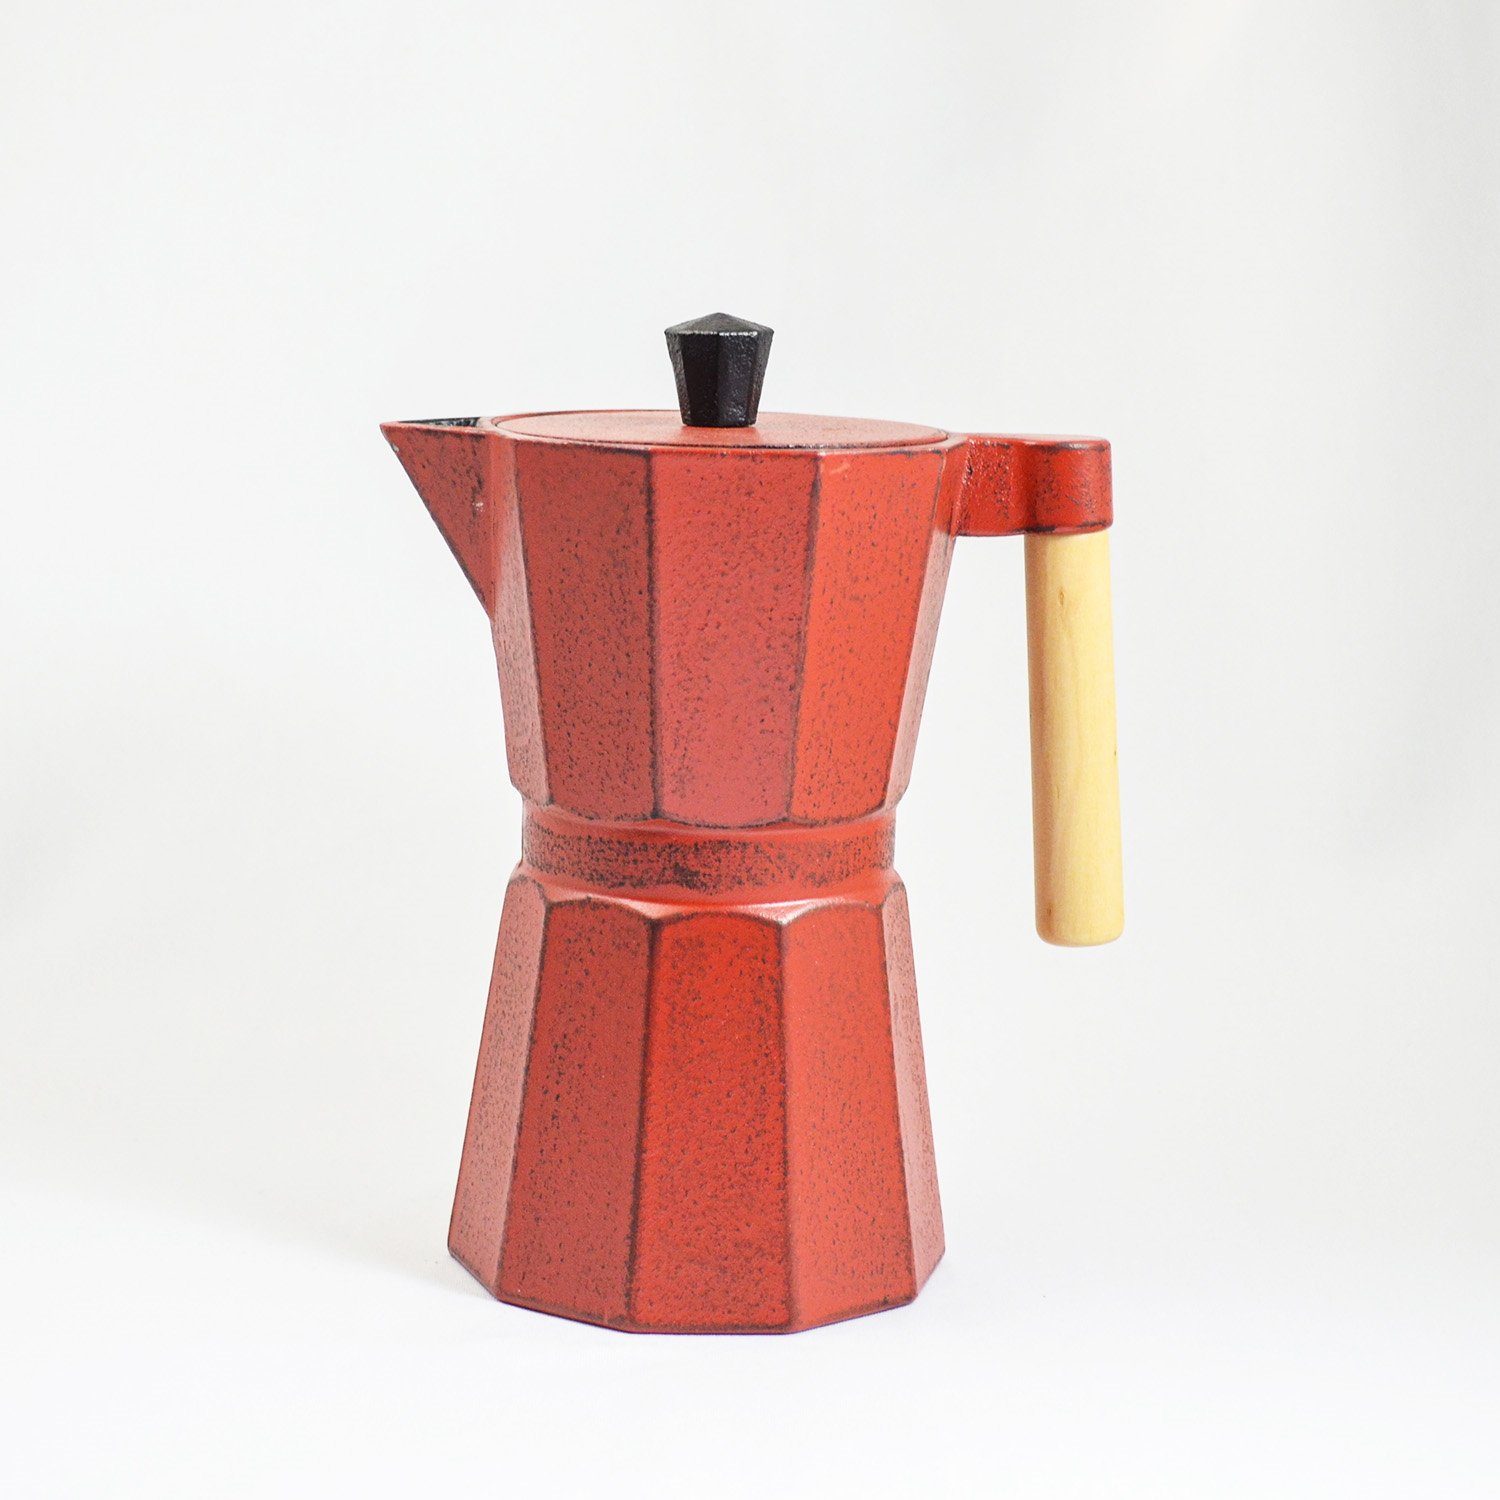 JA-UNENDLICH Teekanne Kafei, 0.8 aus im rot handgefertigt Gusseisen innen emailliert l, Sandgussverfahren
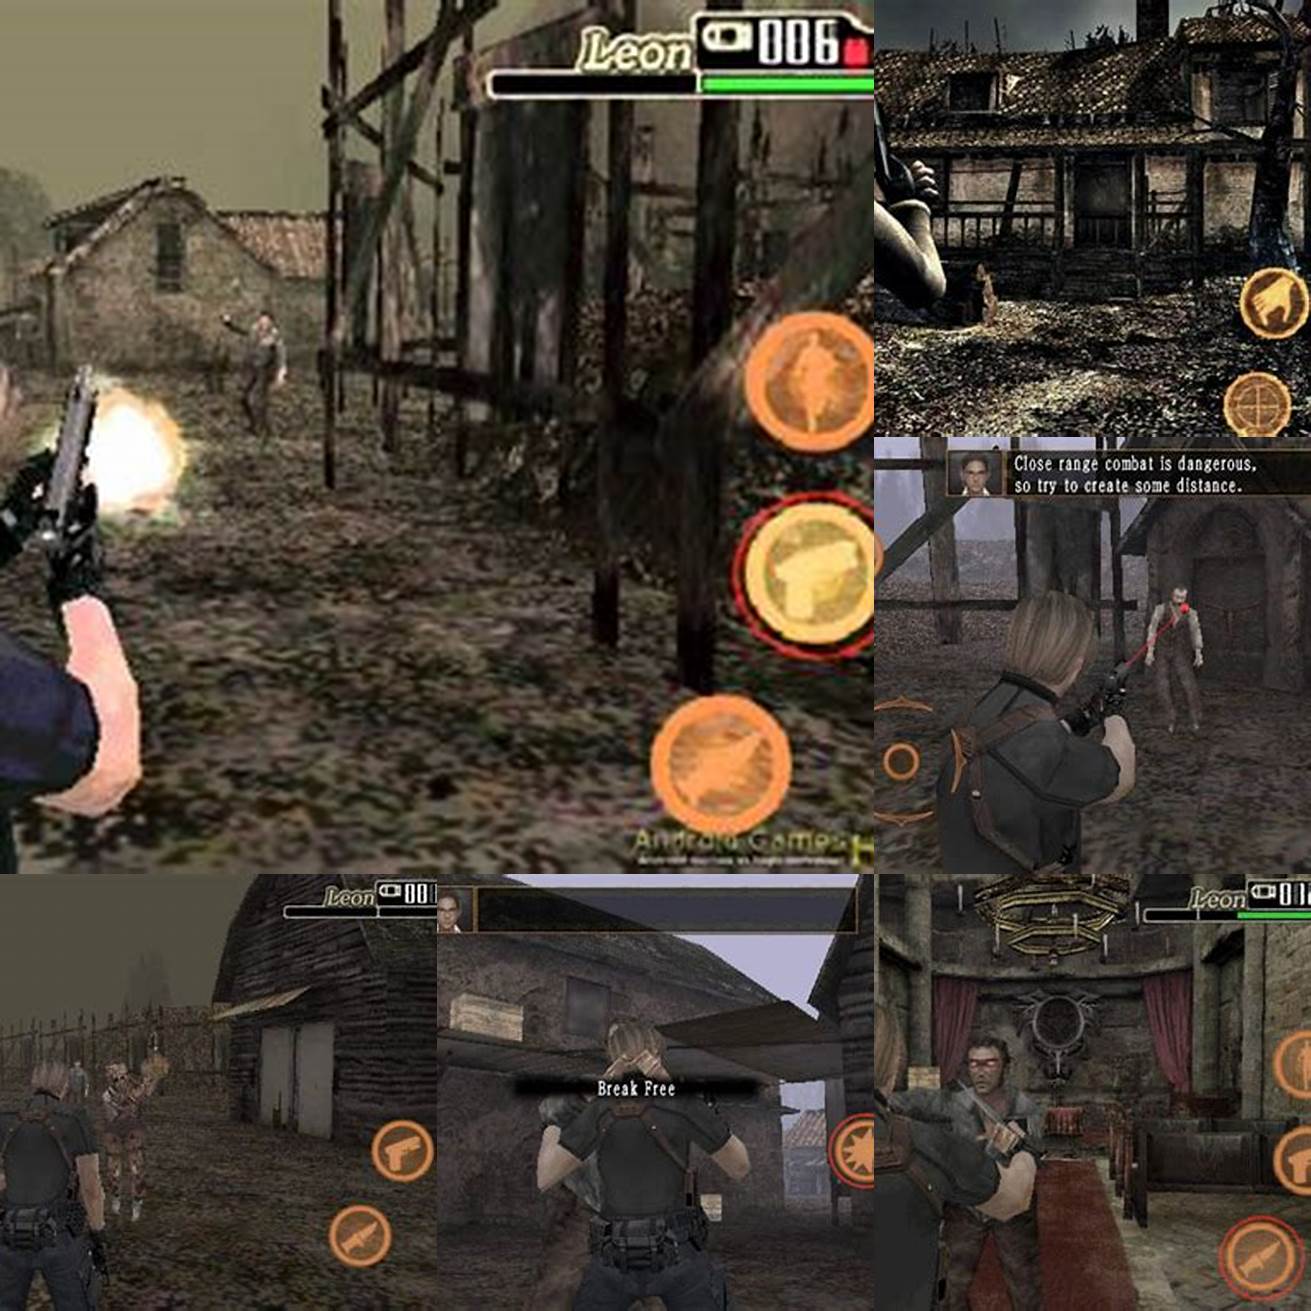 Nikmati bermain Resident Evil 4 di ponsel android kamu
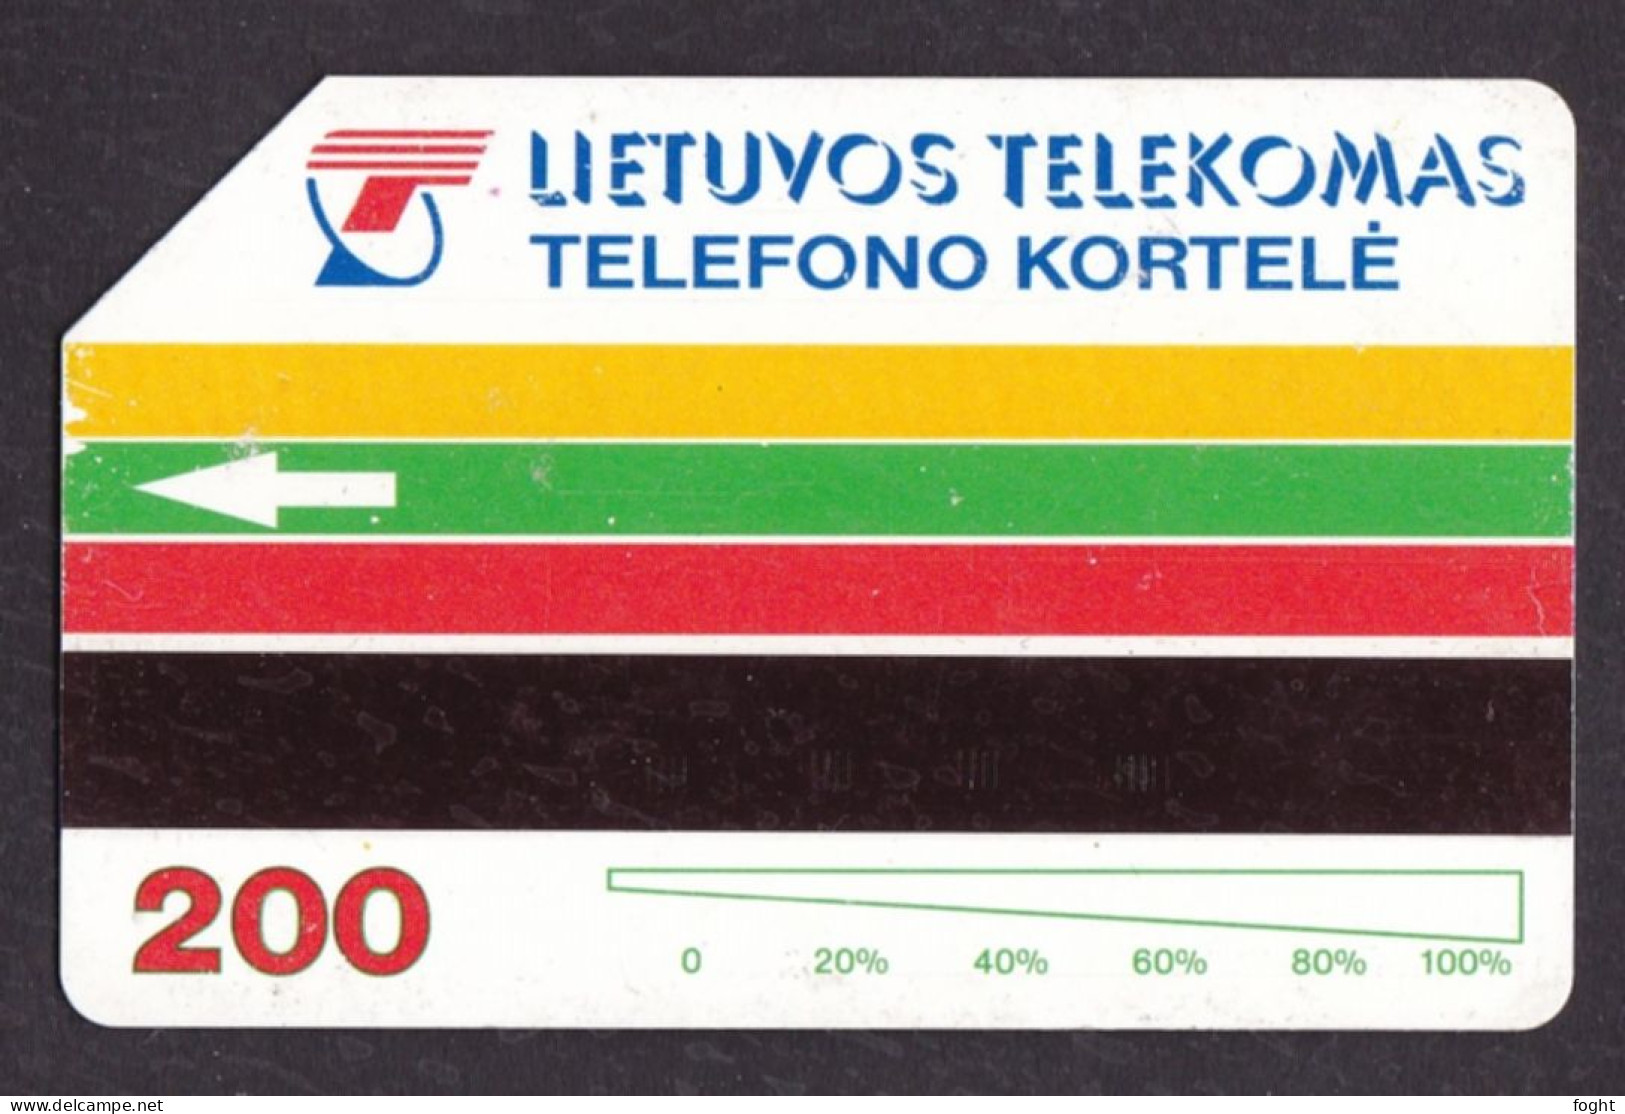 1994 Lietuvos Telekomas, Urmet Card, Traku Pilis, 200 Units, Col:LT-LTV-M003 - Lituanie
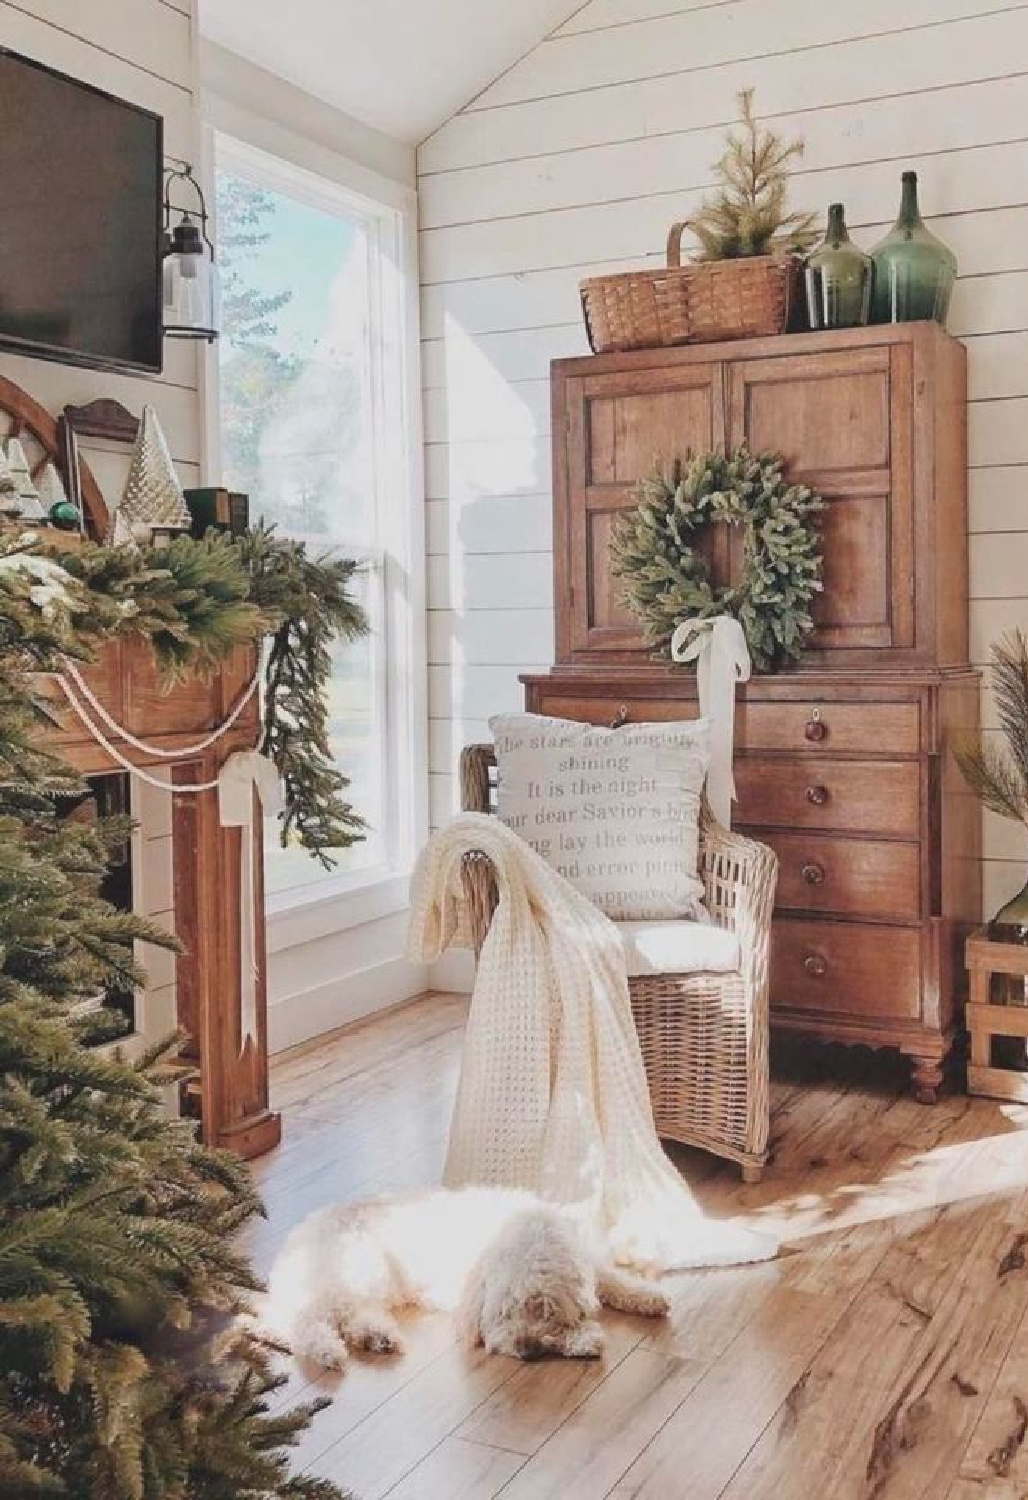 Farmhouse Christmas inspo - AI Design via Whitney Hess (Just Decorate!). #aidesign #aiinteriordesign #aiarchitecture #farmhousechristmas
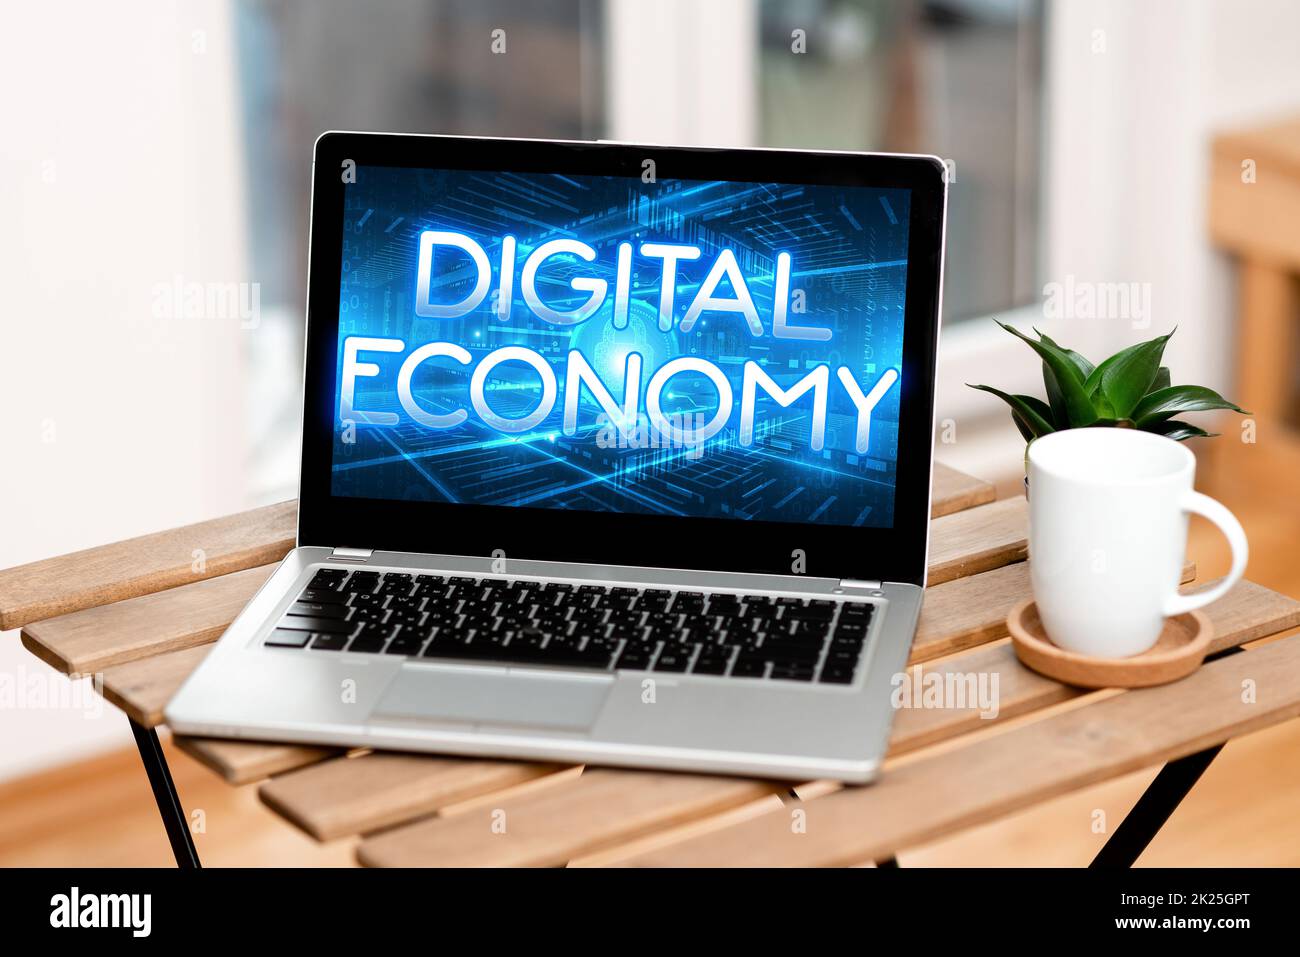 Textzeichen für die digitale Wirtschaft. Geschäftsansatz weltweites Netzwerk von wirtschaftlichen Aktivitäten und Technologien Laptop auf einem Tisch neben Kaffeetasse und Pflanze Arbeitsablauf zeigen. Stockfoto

------------------------------------------------

* **REQUIREMENT**: Transcribe every line of the listing above exactly; skip the pictures.

* **PROBLEM SOLUTION**:
 JA-UNENDLICH Teekanne Kafei, 0.8 aus im rot handgefertigt Gusseisen innen emailliert l, Sandgussverfahren
 Nikmati bermain Resident Evil 4 di ponsel android kamu
 1994 Lietuvos Telekomas, Urmet Card, Traku Pilis, 200 Units, Col:LT-LTV-M003 - Lituanie
 Farmhouse Christmas inspo - AI Design via Whitney Hess (Just Decorate!). #aidesign #aiinteriordesign #aiarchitecture #farmhousechristmas
 Textzeichen für die digitale Wirtschaft. Geschäftsansatz weltweites Netzwerk von wirtschaftlichen Aktivitäten und Technologien Laptop auf einem Tisch neben Kaffeetasse und Pflanze Arbeitsablauf zeigen. Stockfoto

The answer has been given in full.